Though the details won’t be available until the deal is signed, press reports have stated that the bank, UBS, will hand over several thousand names in exchange for Washington dropping its legal action against UBS in the United States.
Some experts say the agreement marks the beginning of the final countdown to banking secrecy’s demise. Others note that the agreement merely keeps the status quo in place, allowing financial crimes such as tax evasion and money laundering to continue. Â
The agreement comes during a year that has seen unprecedented attention on banking secrecy. Before the worldwide recession, the terms “Swiss bank account” and “offshore banking” conjured up popular images of intrigue, high-end criminals and corrupt dictators. The same phrases are now prompting recession-battered governments to try to squeeze tax revenue from the secret accounts held by their citizens. In April, the world’s biggest economies in the G-20 agreed to crack down on tax havens. That pressure prompted banking-secrecy countries including Austria, Andorra, Luxembourg, and Monaco to agree for the first time this year to exchange information with other governments on tax cheats and other criminals. Earlier this month, Liechtenstein agreed to push 5,000 British accountholders to disclose their accounts to London.
Suit Spurred Deal
The US-UBS deal stems from a US Justice Department criminal suit that charged UBS with helping thousands of American citizens use Swiss bank accounts to evade US taxes. In February, the bank agreed to pay a $780 million settlement and turn over the names of some accountholders to avoid being tried in criminal court. One day later, the Justice Department filed a civil suit to persuade UBS to turn over the names of 52,000 American clients to the Internal Revenue Service.

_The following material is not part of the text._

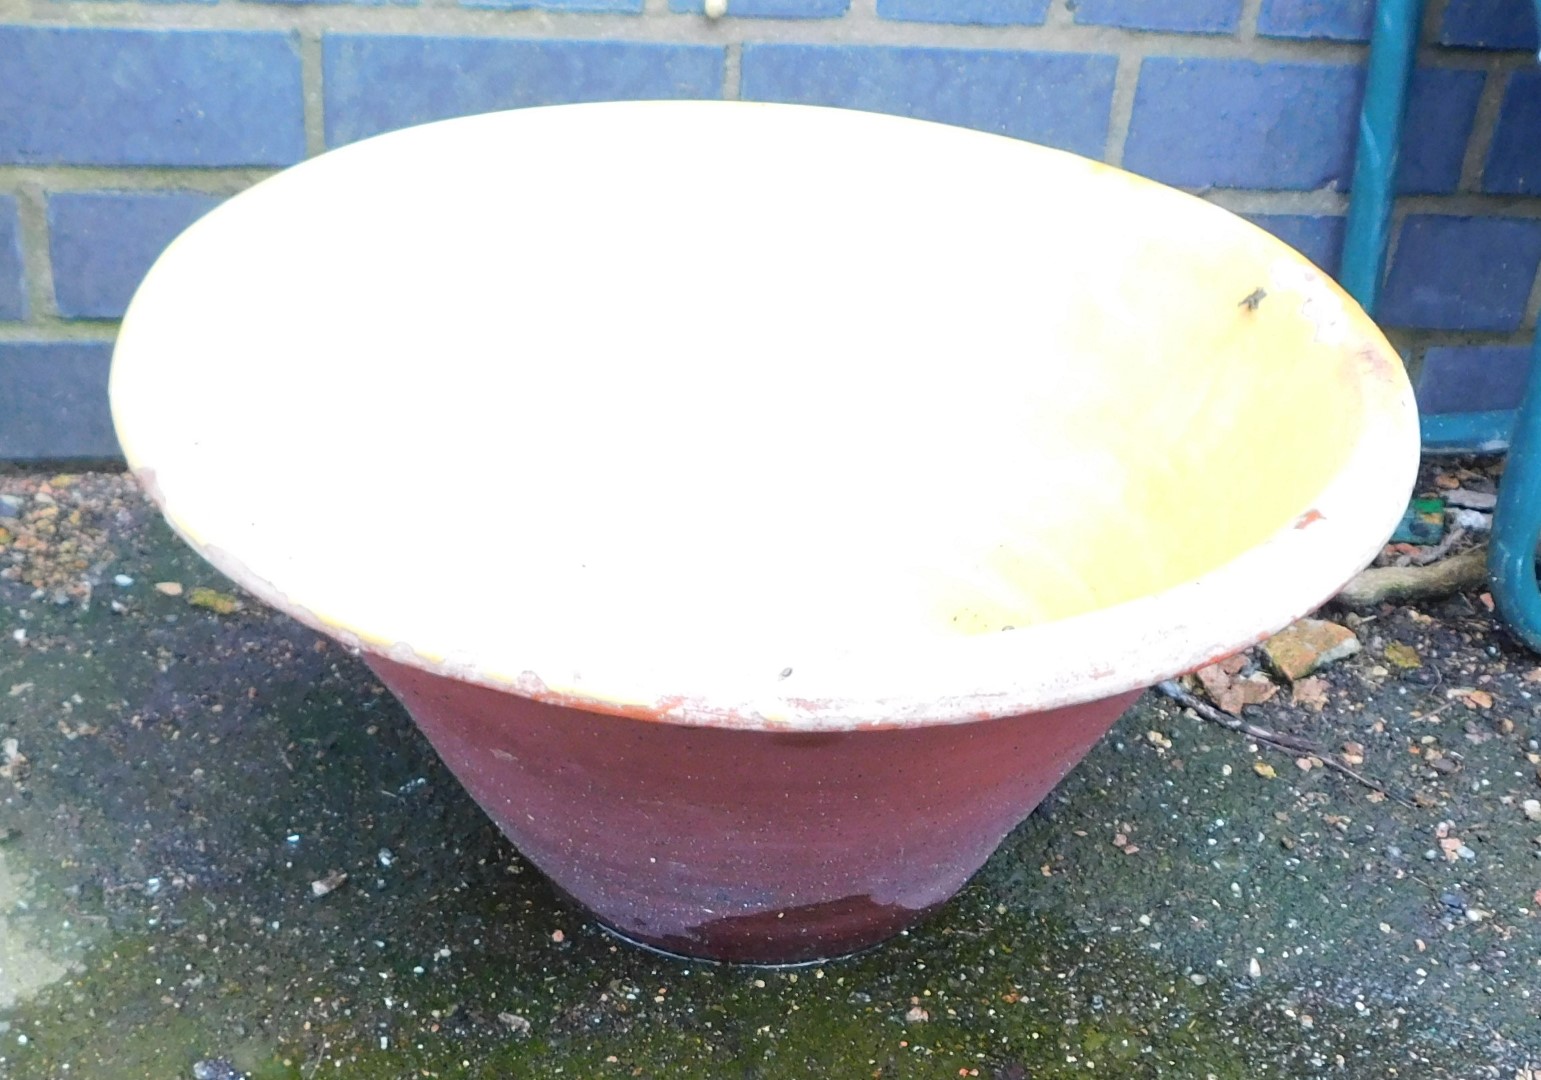 A large ceramic garden planter or pancheon, 49cm diameter.

Just how many names UBS will hand over is unclear. The Financial Times reported it could be as many as 5,000. US prosecutors this week filed court papers in Florida indicating that they were building tax evasion cases against more than 150 people.
Bankers warned that the case mean curtains for Switzerland’s lucrative confidential banking system. “There are two winners,” Swiss banking expert Hans Geiger told the Swiss weekly Sonntag, “UBS and the US Internal Revenue Service. Switzerland and our marketplace have lost.” UBS CEO Oswald Gruebel told the Wall Street Journal last week, “We suffer most, but clearly (the impact) will go through the whole of Swiss banking.” Earlier this month Gruebel told Reuters that other governments would watch the case closely. “It is not a very good development for the wealth management industry,” he said.
Bank Secrecy Not Ended?
But others note that neither the UBS case nor the new scrutiny of offshore havens mean the end of secrecy. Countries that have agreed this year to allow sunlight into their banking systems could very well follow the route of others in the past that made promises they didn’t keep. Jersey, for example, agreed in 2002 to share information with the US but has since agreed only four times to hand over requested information. The same year, Panama committed to more transparency but failed to make good; the country’s been on the “gray list” of the Organization for Economic Co-operation and Development (OECD) since earlier this year
. Public policy nonprofit Tax Justice Network (TJN) has also pointed out that some new agreements, particularly the Liechtenstein-Britain agreement, could use some teeth. That agreement, they’ve noted, encourages Britons to voluntarily tell London of their foreign accounts by 2015 or lose their accounts; TJN notes the agreement gives evaders and other criminals more than five years to move their money elsewhere. The group also doubts the recent UBS agreement is likely to change business as usual when it comes to investigating tax evasion or other crimes.
“[We don’t] feel that we can confidently predict the end of Swiss, or Austrian, or Luxembourgian banking secrecy,” said TJN international secretariat head John Christensen in an e-mail.
A US-based think tank that aims to staunch the worldwide flow of illegal money agreed. “It does not lend itself to investigation of tax evasion and other financial crimes,” said Monique Perry Danziger, communications direction of Global Financial Integrity (GFI). “The overall problem as we see it, is the US-Swiss tax treaty, and the majority of tax agreement treaties, set forward the same precedent for information exchange, which is that the state looking for information has to prove it has a clear case of suspected wrongdoing.”
GFI hopes the agreement will at least open up a renegotiation of tax treaties between countries so that more information is exchanged from the beginning, when a citizen of Country A opens a bank account in Country B. “It should give the US grounds to revisit the tax treaty, and that’s where the relationship with mutual assistance and investigation between the US and Switzerland needs to be improved, with better access to information and better reporting,” Danziger said.